■ **Work required**
Beginning with the line that contains "Hello Kitty Dual", transcribe the rest of the listing below exactly, including its last line, and exclude any pictures.

■ **Data shown**
* * *
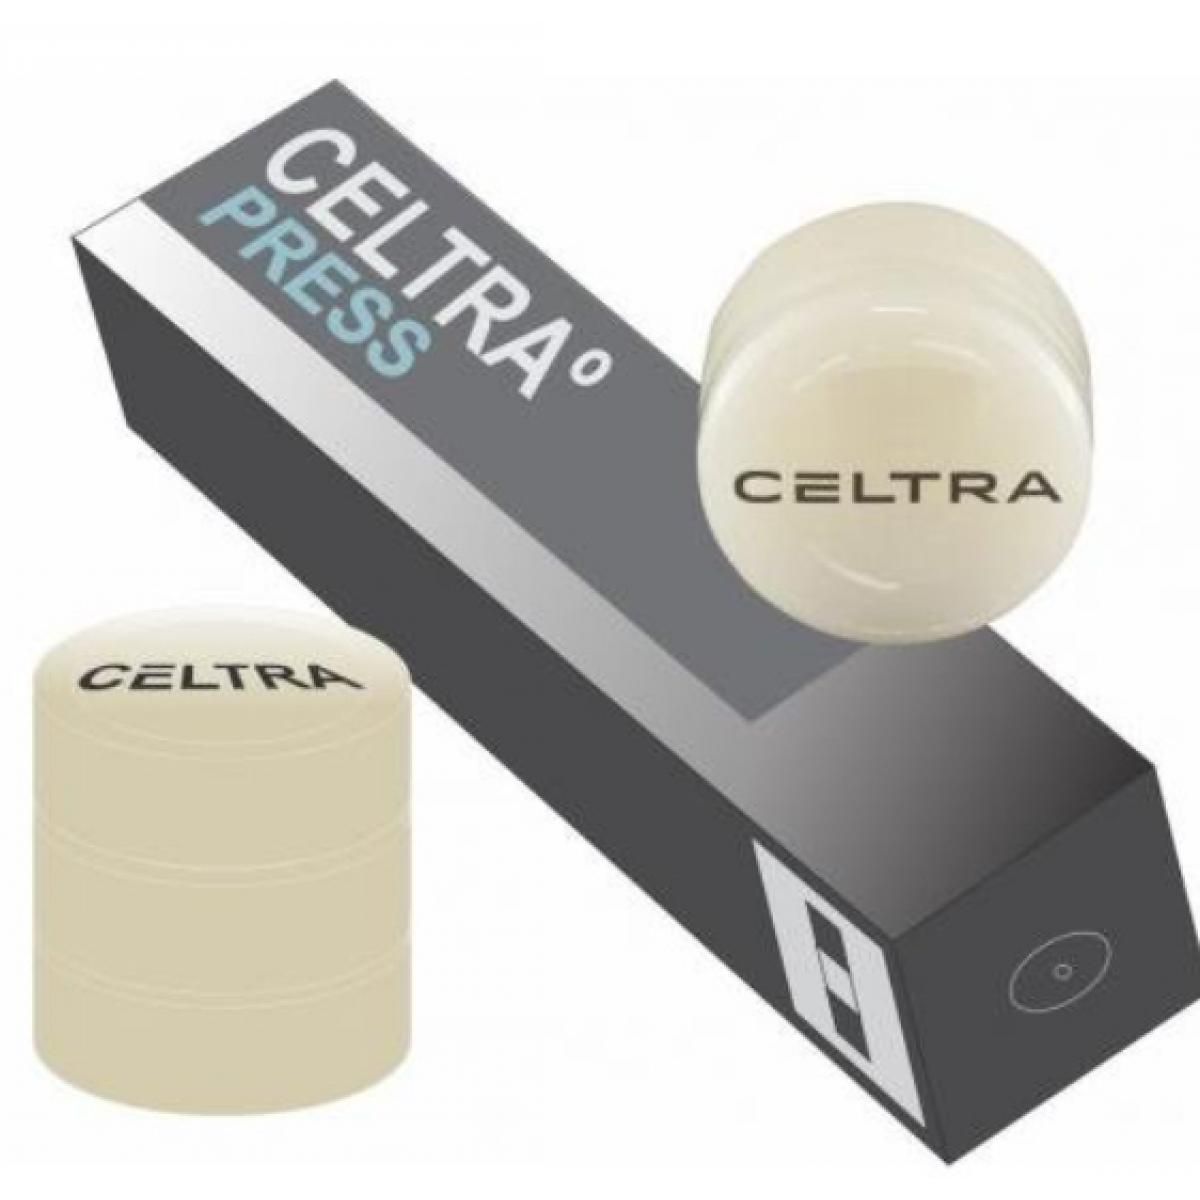 CELTRA PRESS LT B1 5 X 3 GR DENTSPLY -
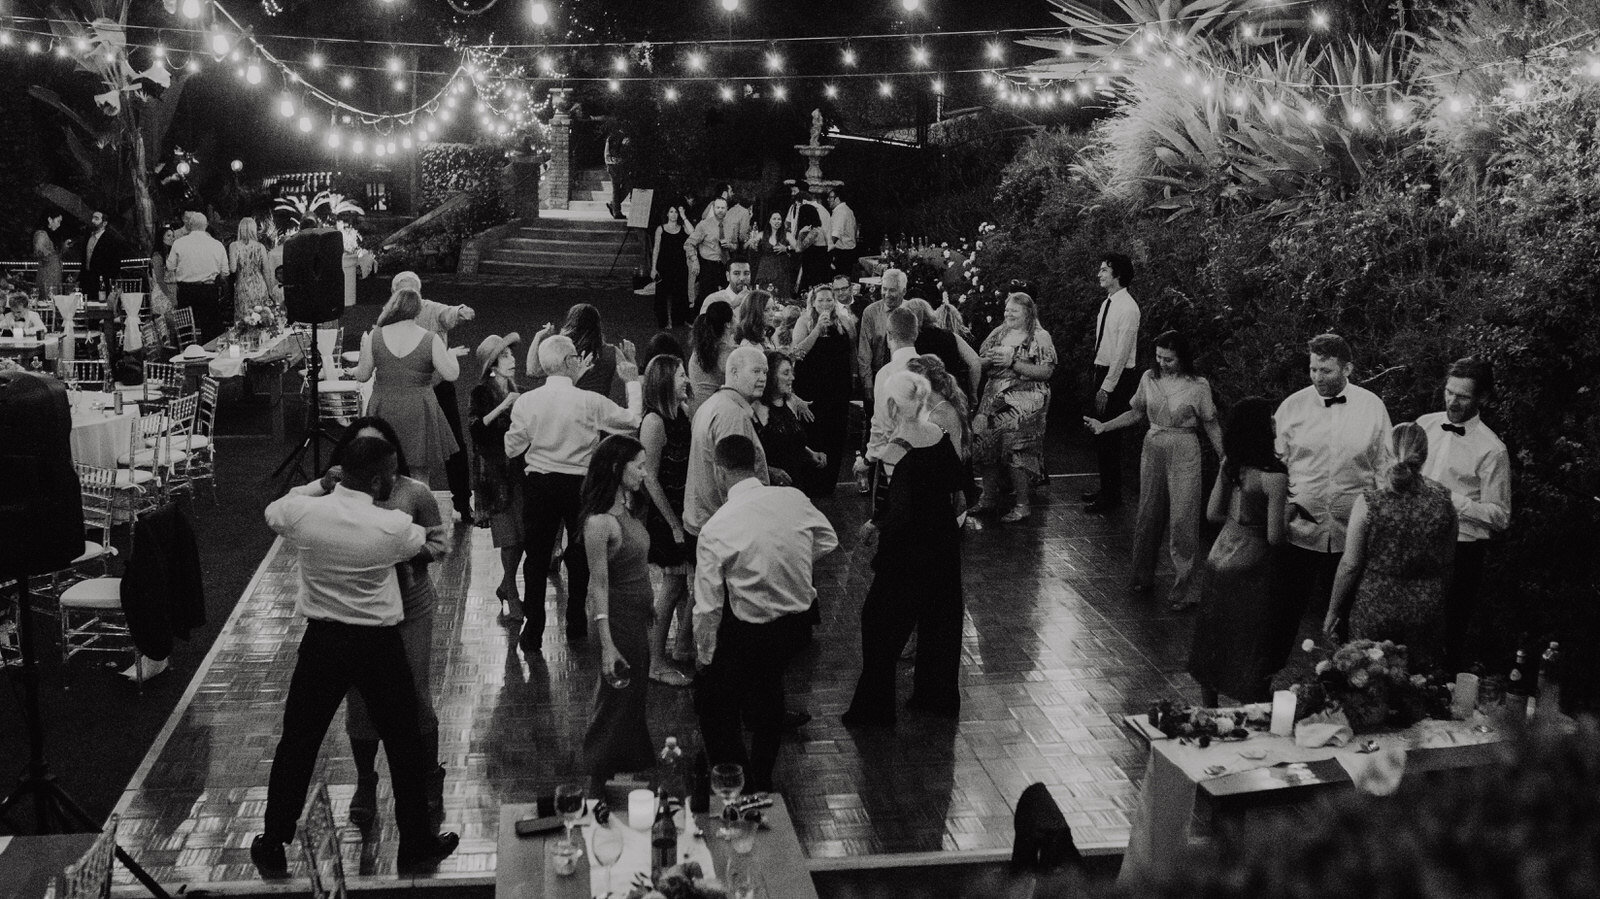 Houdini Estate wedding reception dancefloor area
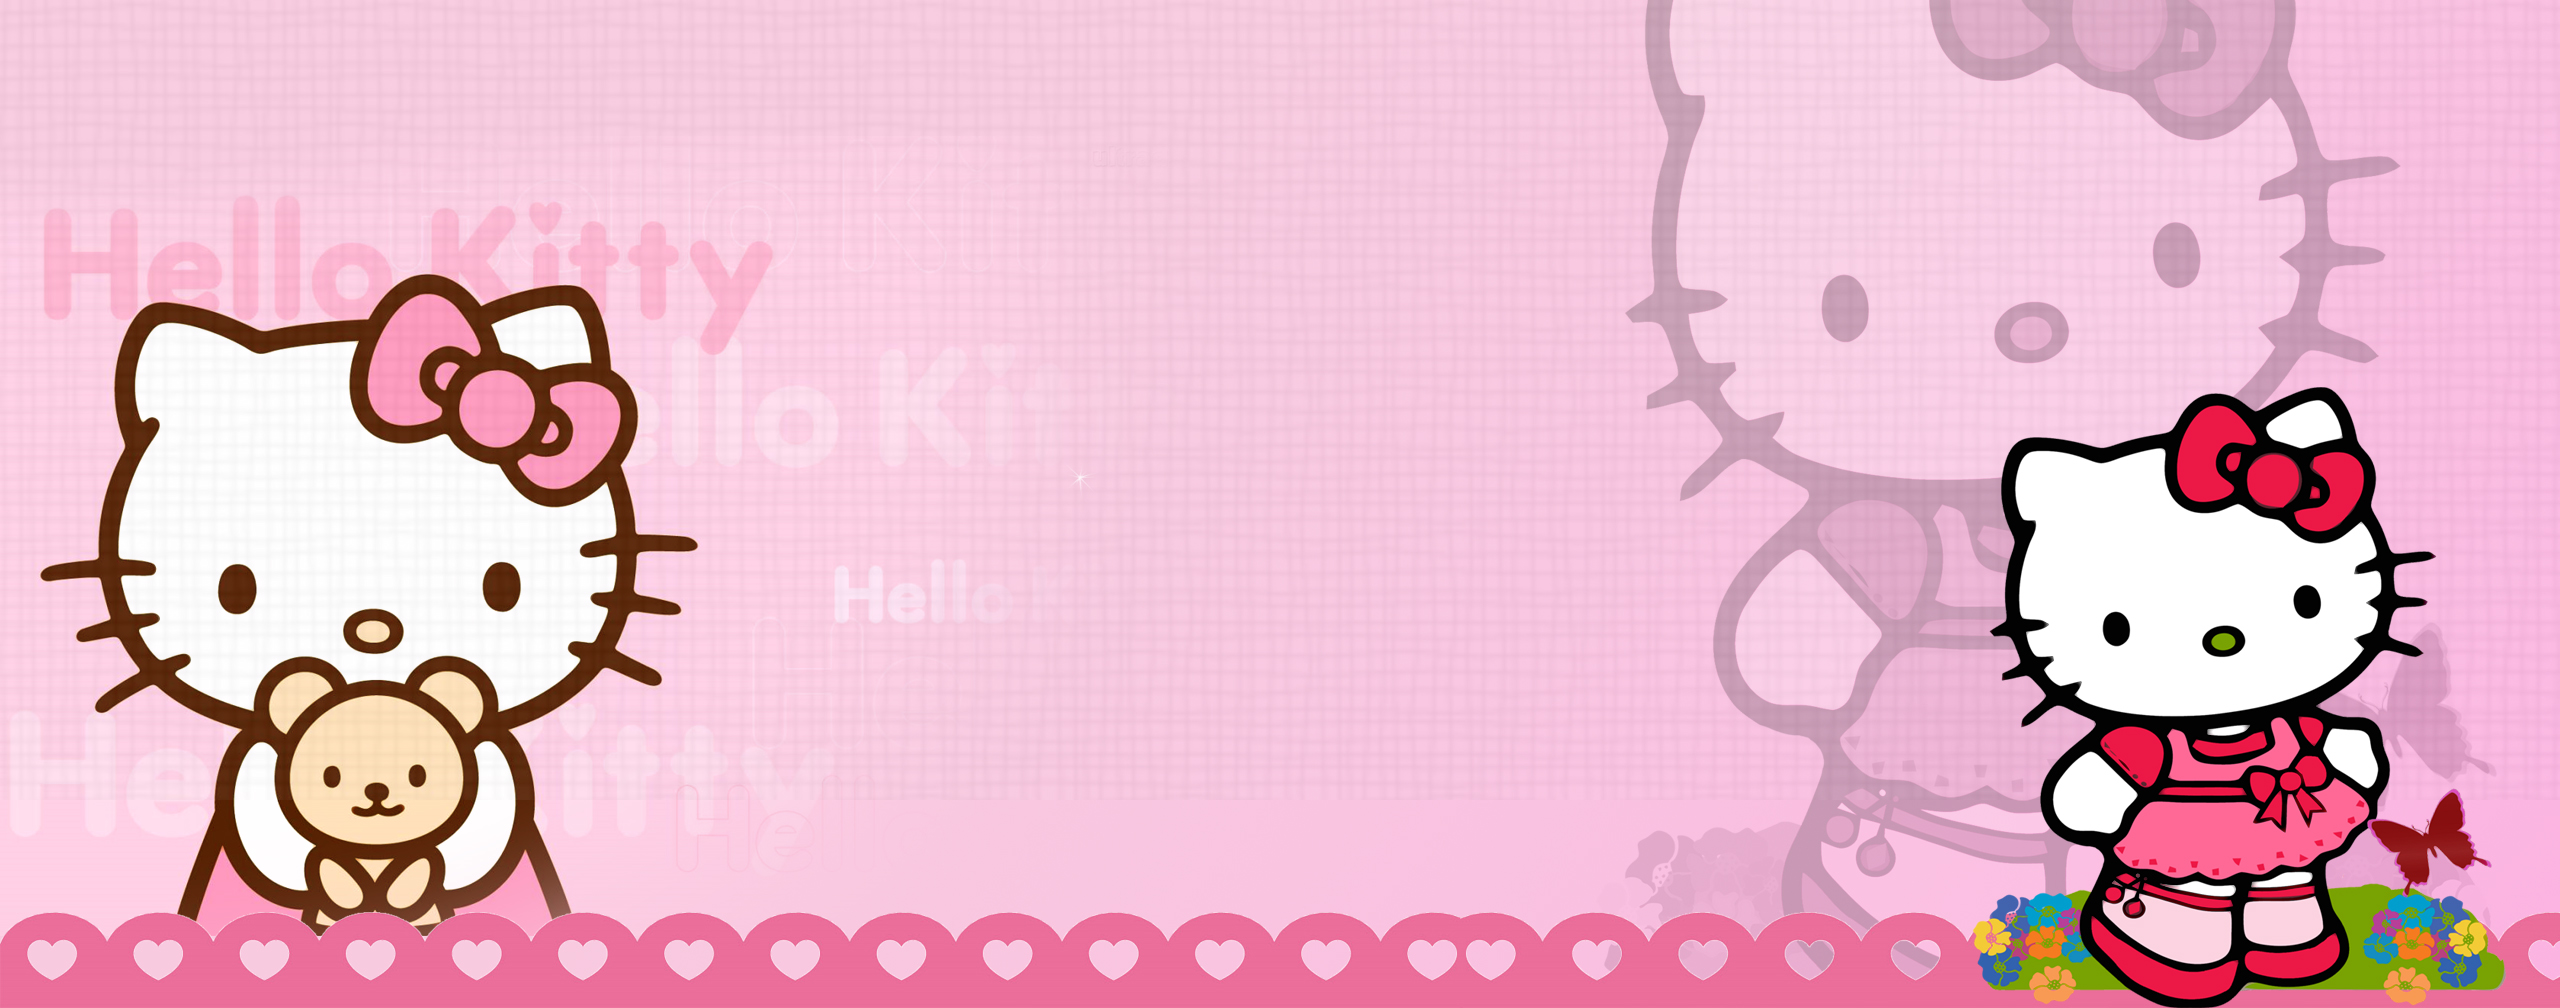 Hello Kitty Dual Monitor Wallp Brh Deviantart
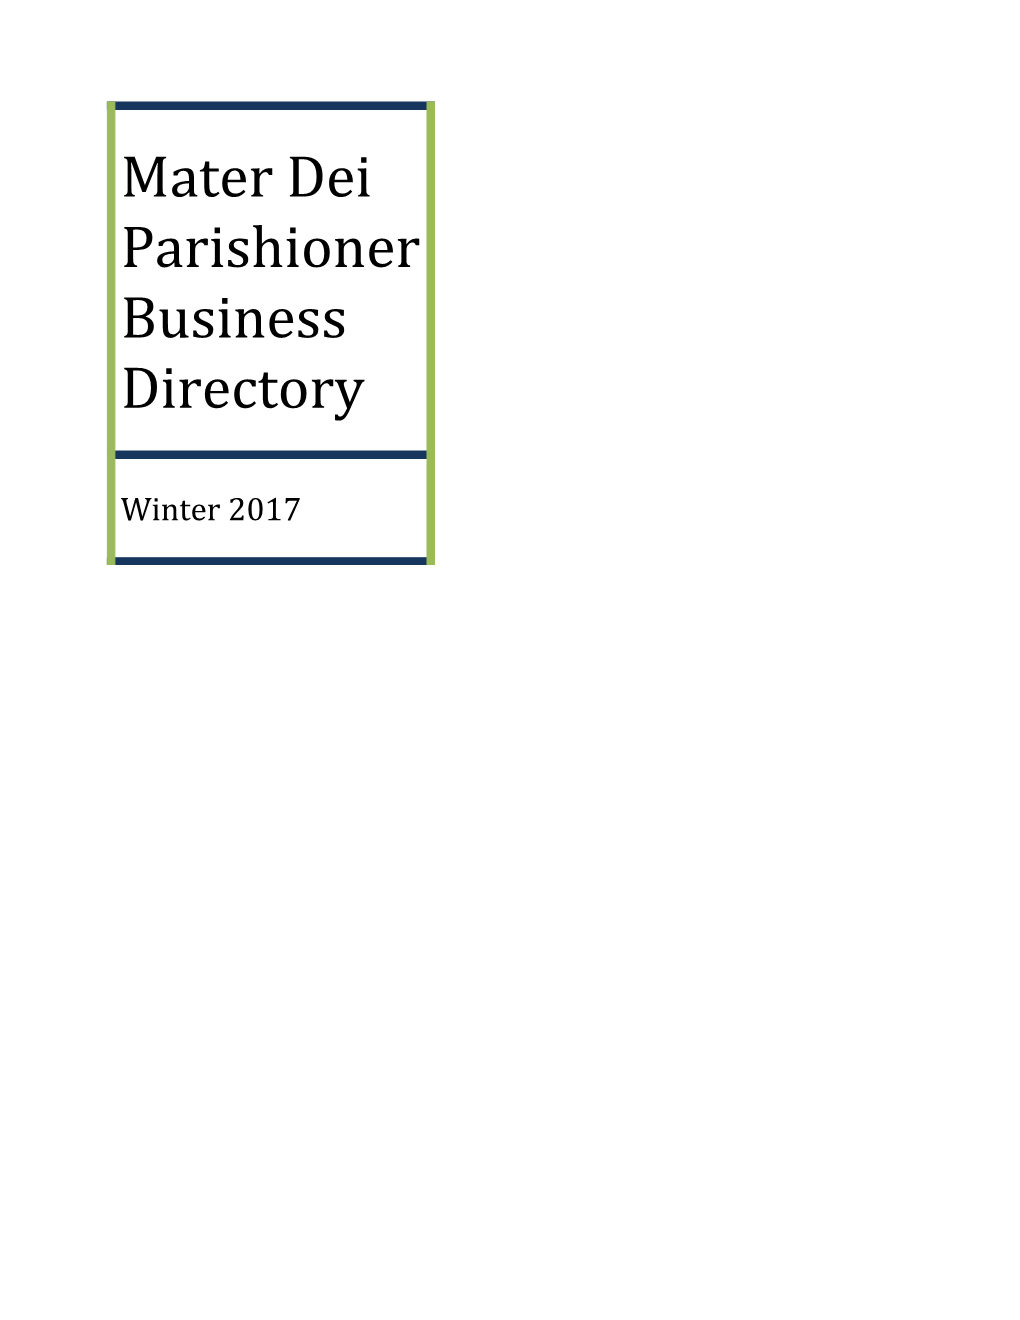 Mater Dei Parishioner Business Directory
* * *
■ **Answer section**
 Hello Kitty Dual Monitor Wallp Brh Deviantart
 Mater Dei Parishioner Business Directory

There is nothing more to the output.